Reaching for upper bound ROUGE score of extractive summarization methods
Reaching for upper bound ROUGE score of extractive summarization methods
Blog Article
The extractive text summarization (ETS) method for finding the salient information from a text automatically uses the exact sentences from the source text.In this article, we answer the question of what quality of a summary we can achieve with ETS methods?
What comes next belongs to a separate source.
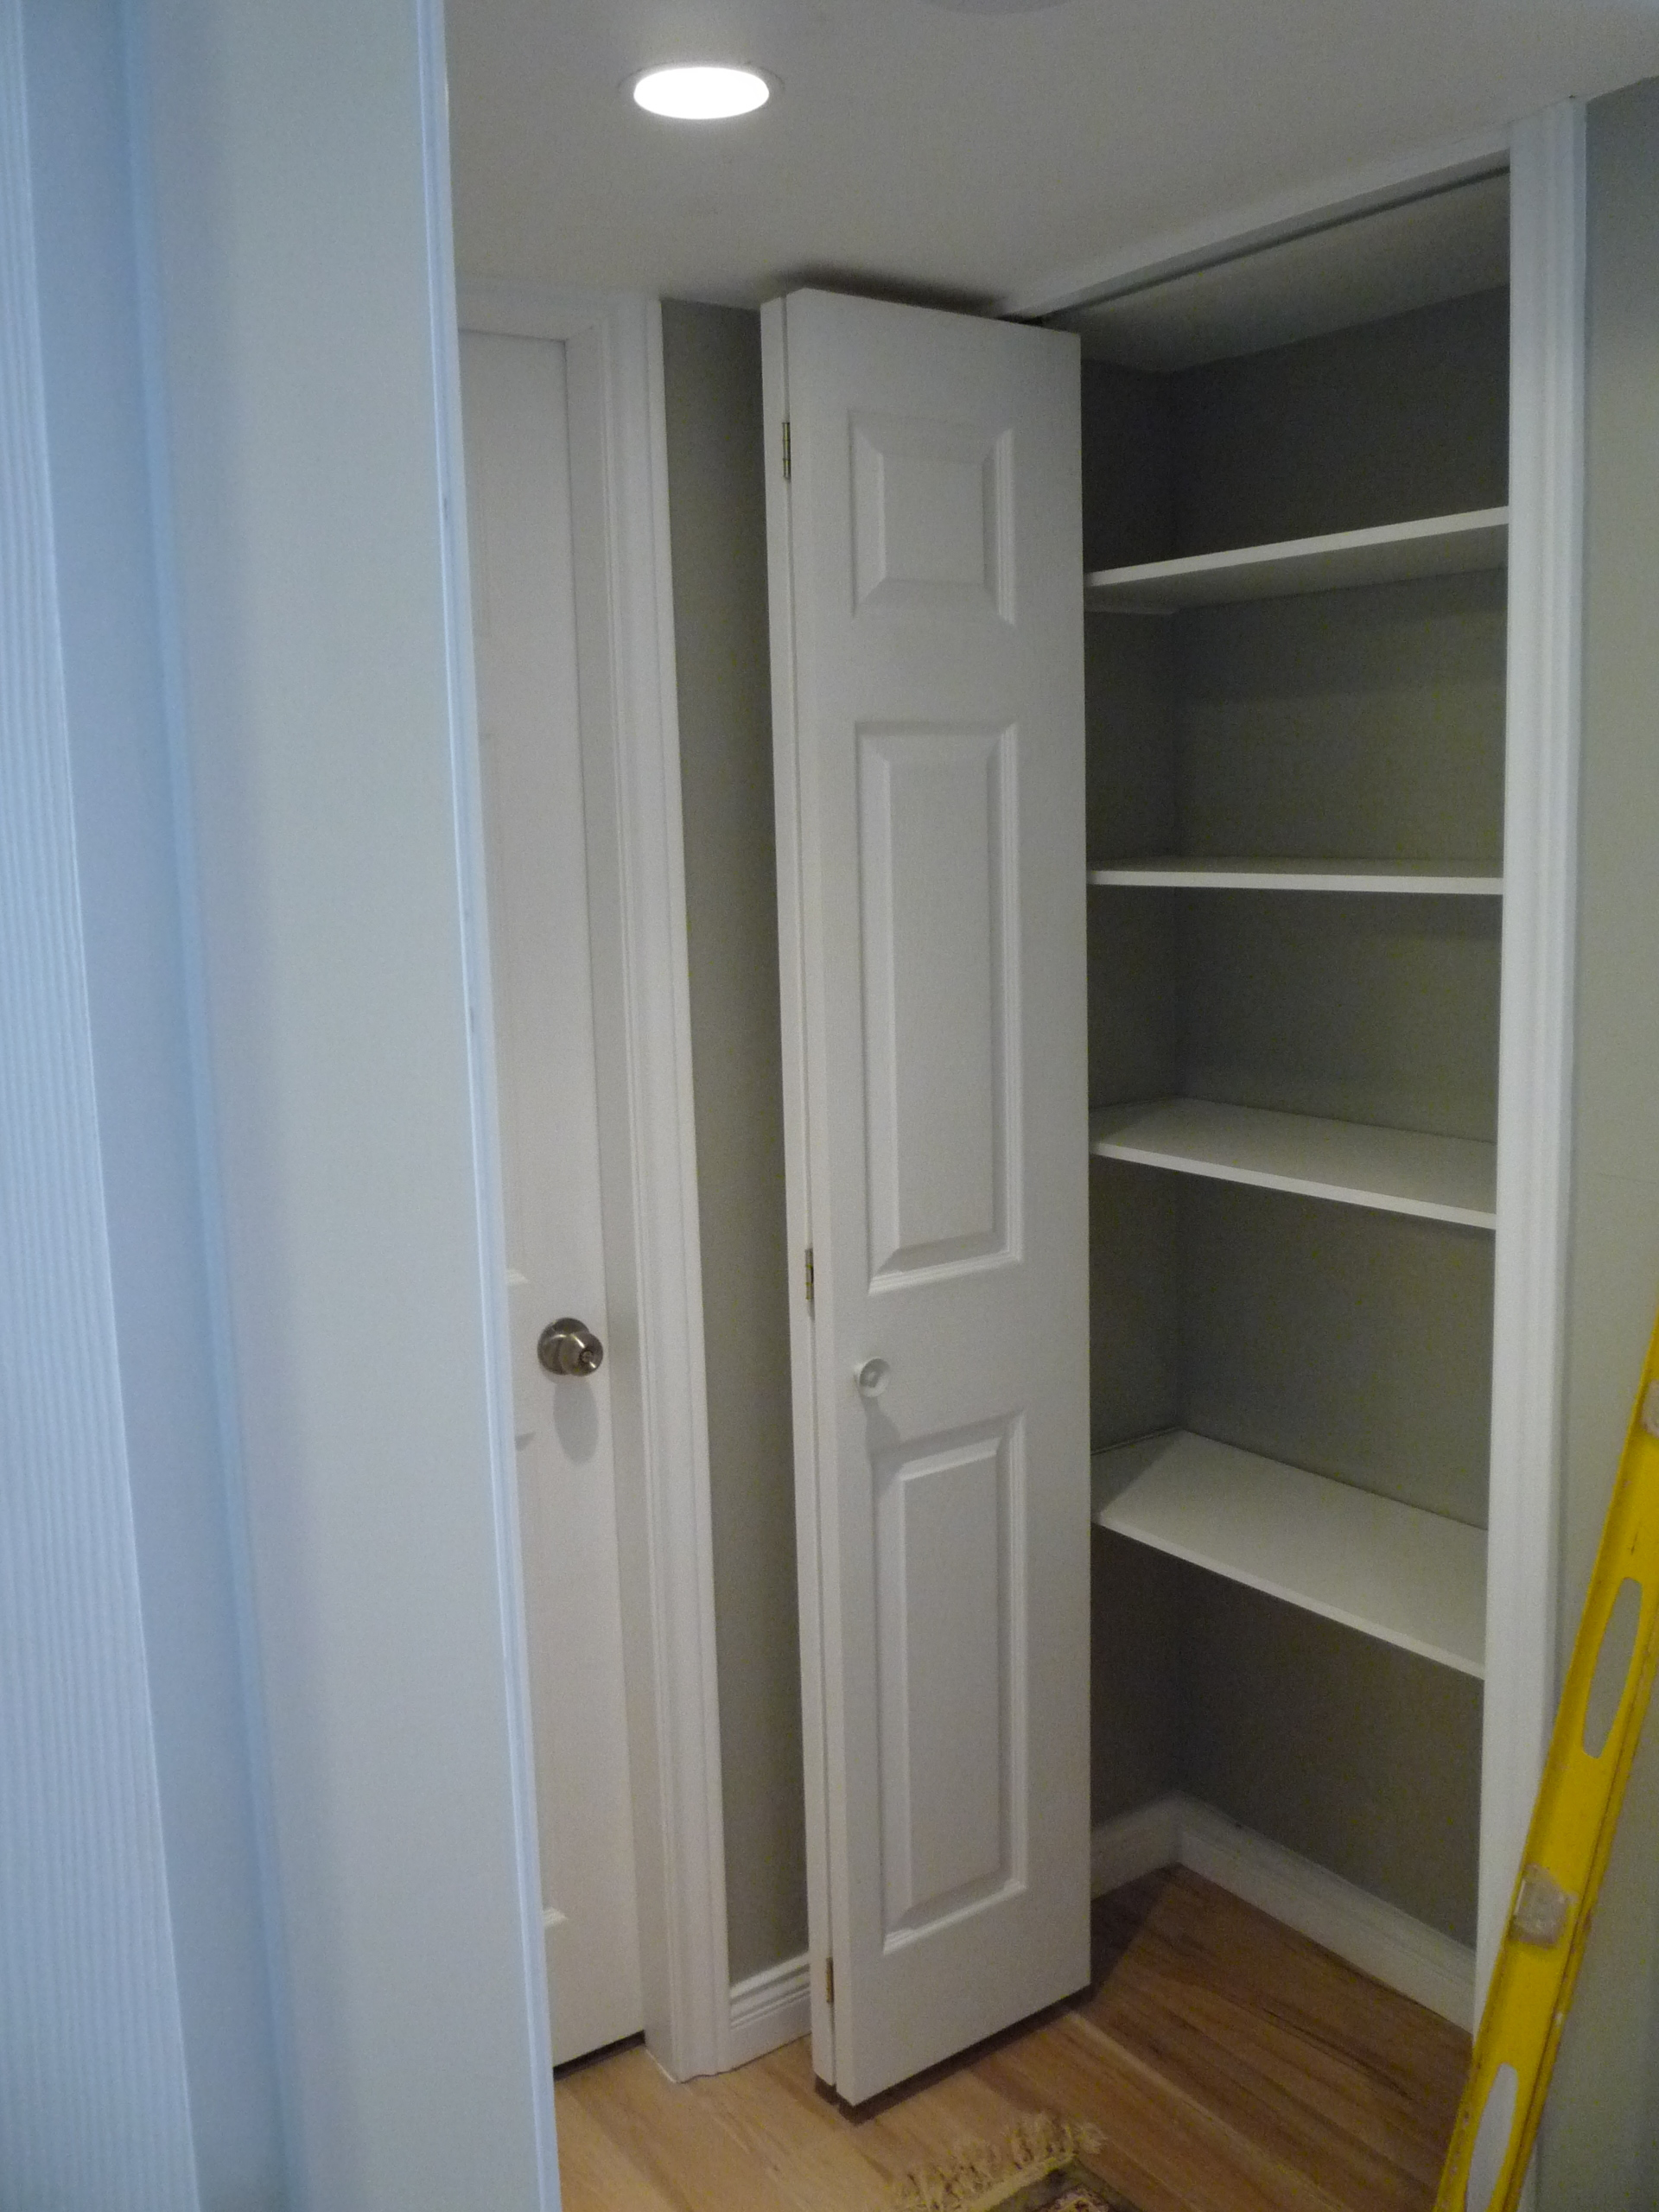 Linen Closet with Interior Shelf Organizers

To maximize the ROUGE-1 score, we used five approaches: (1) adapted reduced variable neighborhood search (RVNS), (2) Greedy algorithm, (3) VNS initialized by Greedy algorithm results, (4) genetic algorithm, and (5) genetic algorithm initialized by the Greedy algorithm results.Furthermore, Detection of Anti-Erythrocyte Antibodies in Dogs with Inflammatory Bowel Disease (IBD) we ran experiments on articles from the arXive dataset.As a result, we found 0.59 and 0.
25 scores for ROUGE-1 and ROUGE-2, respectively achievable by the approach, where the genetic algorithm initialized by the Greedy algorithm results, which happens to yield the best results out of the tested approaches.Moreover, those scores Increasing levels of zeolite and Yucca schidigera in diets for adult cats appear to be higher than scores obtained by the current state-of-the-art text summarization models: the best score in the literature for ROUGE-1 on the same data set is 0.46.Therefore, we have room for the development of ETS methods, which are now undeservedly forgotten.